Thurmond not dead,
scientists baffled

collage by ed zeppelin

from: Ed_Zepp_alias

Washington- Scientific and citizen's groups voiced their concerns today to a Congressional committee delving into the unaccountable survival of Strom Thurmond

The committee, which was formed to find out why nobody has tried to shoot Sen. Thurmond, met today in a local strip bar. There, amid the bad disco music and writhing African-American lapdancers, Congressmen heard (barely) from a small group of concerned citizens.

The director of the National Institute for Greater Good in Everything Racial, Dr. Rufus Leakey Washington-Jones phD., told the committee; "Ah just don't understand it. Shee-it. I mean, how could this ignorant, mealymouth trash-talking corrupt cracker still be alive? How come nobody has tried to blow his wrinkly motherfucking ass away yet? Hell, I think Strom might already be dead and they just prop him upright with a stick up his ass to keep him from falling over. He don't even breathe! He just sits there glassy-eyed all day, and nobody wants to sit next to him 'cause he smells like old ham and feces."

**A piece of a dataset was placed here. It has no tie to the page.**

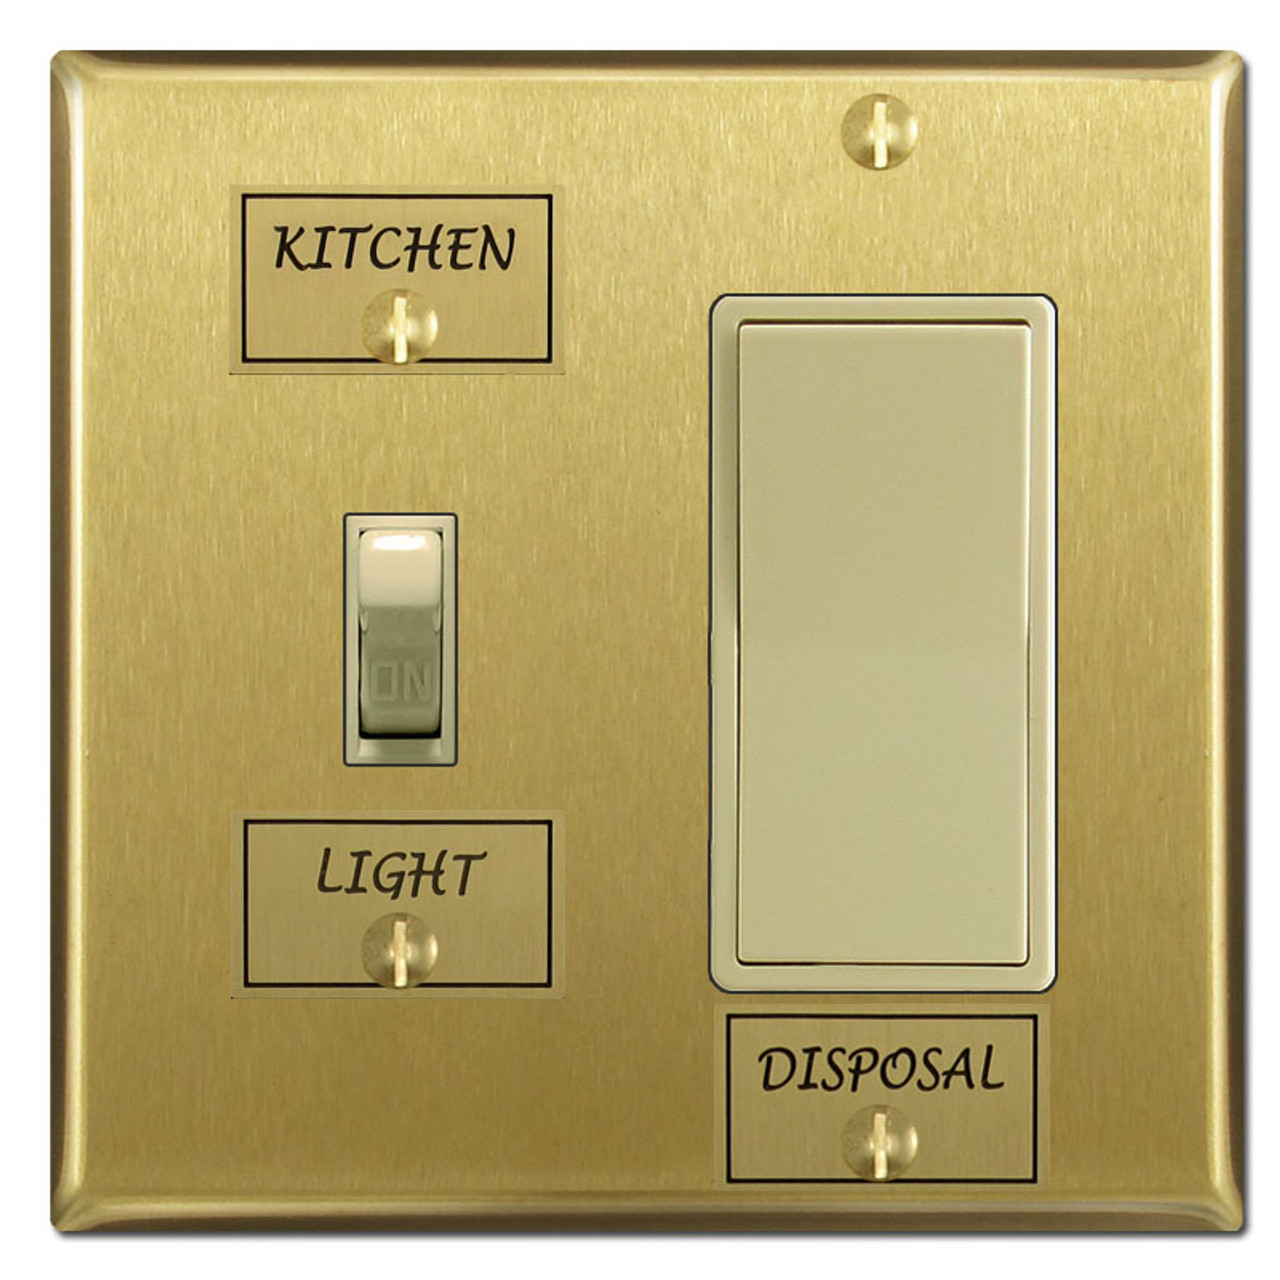 https://cdn11.bigcommerce.com/s-wlejmk/images/stencil/1280x1280/products/1185/23543/brass-switch-identifier-name-tags-for-switchplates-labels-b__47046.1533836605.jpg?c=2

"You ever see the burn scars on that clumsy motherfucker from setting fire to all those crosses over the years? The rope burns from hauling all those boys into the trees? The goddamn blood on his hands from siccing po-lice dogs on babies? I realize there's a certain veneration for the Civil War in North Carolina, but that doesn't mean we have to have a veteran of it in Washington."

"Hell, he should be varnished and set up in a town square somewhere as a Civil War memorial, with a big red button people can push to hear a recording of him telling his favorite nigger jokes. 'looks like somebody threw away a perfectly good nigger! ... 'they don't mind fucking us, they jus' don' wan' t' go to SCHOOL widdus!' '...den da parrot on his shoulder say to de psychiatrist; 'Can you get this nigger off my ass?'"

Offering testimony for Sen. Thurmond was Terd Newgent, guitarist for the band "Fucking Yankees," who told the committee; "Storm rocks, man. He's just so fucking out there, dude, that his, like, vibes are so centered, y'know, that he like doesn't fucking NEED to breathe. In fact, he probably couldn't fucking breathe if he wanted to. Look at some of the fucking skanky rich asshole that poor bastard has had to stick his face into over the centuries, and you'd look like you were dead, too. Back in, like, 1850 or whenever the fuck he was elected, fucking Storm was there at the docks watching them like unload the fucking slave ships, going "dude, I don't think this is a very good fucking idea, man." Right on! It, like, totally makes me want to put a fucking arrow through a, like, commie white-tail buck or something, and grab my Byrdland guitar and bang out all four of my chords.

Not that I'd fucking hear it, 'cause of those fucking Marshall amps they made for Jimi Hendrix and me back in the 70's. I'm deaf as a fucking post, dude. Me and fucking Pete Townsend, like, are both like that and man, I won't even fucking say how HE went deaf 'cause it involves shit with, y'know, pale teenage English boys that I don't EVEN want to talk about. Other than that, you won't even see me and that goddamn fruitcake in the same sentence. Used to be, you could stick your fucking head out of your hotel room door and yell 'who wants to fuck?' and like fifty 13-year-old girls would come screaming at you, but after those cute little English bands like the fucking Who and Frampton Peters came along, the fucking hotel corridors looked like a goddamn boy's volleyball team. So I got a contract rider for some vaseline for my loincloth and...

[at this point Newgent was reminded of the subject by the committee chairman, who also had a record company executive order another round for the committee]

"...And Storm don't do drugs. Listen, I don't like fucking need to blow some crack or take grass to get high, either, man. Storm Thirdman and his daughter Ooma are like both like that, so cut the fucker some slack, Jack. Wanna see my tattoo of Reagan?"

The director of the Bio-actualization Loving Organically Workshops and Judicial Oversight Bureau Symposium (a national Guy/LesPaulian/bicycle/trans-grinder association) testified; "The nurturing miasma within the organic zeitgeist transfers, through self-actualization and channeling of chi and biorythmic guided-visualizational, a bio-energetic frequency from the inner child/victim chakra to the disenfranchised center of loving, non-judgemental paradigm outsourcing for personal perspective management strategies and self-awareness techniques. This can only lead one to conclude, based on careful studies merging Academic protocols and really wild parties with those hot UPS delivery guys that..."

At this point the session was closed by order of the chairman, who had passed out under a table and was now laying in a pool of his own, and other's, vomit. Further meetings of the committee are tentatively scheduled for next weekend.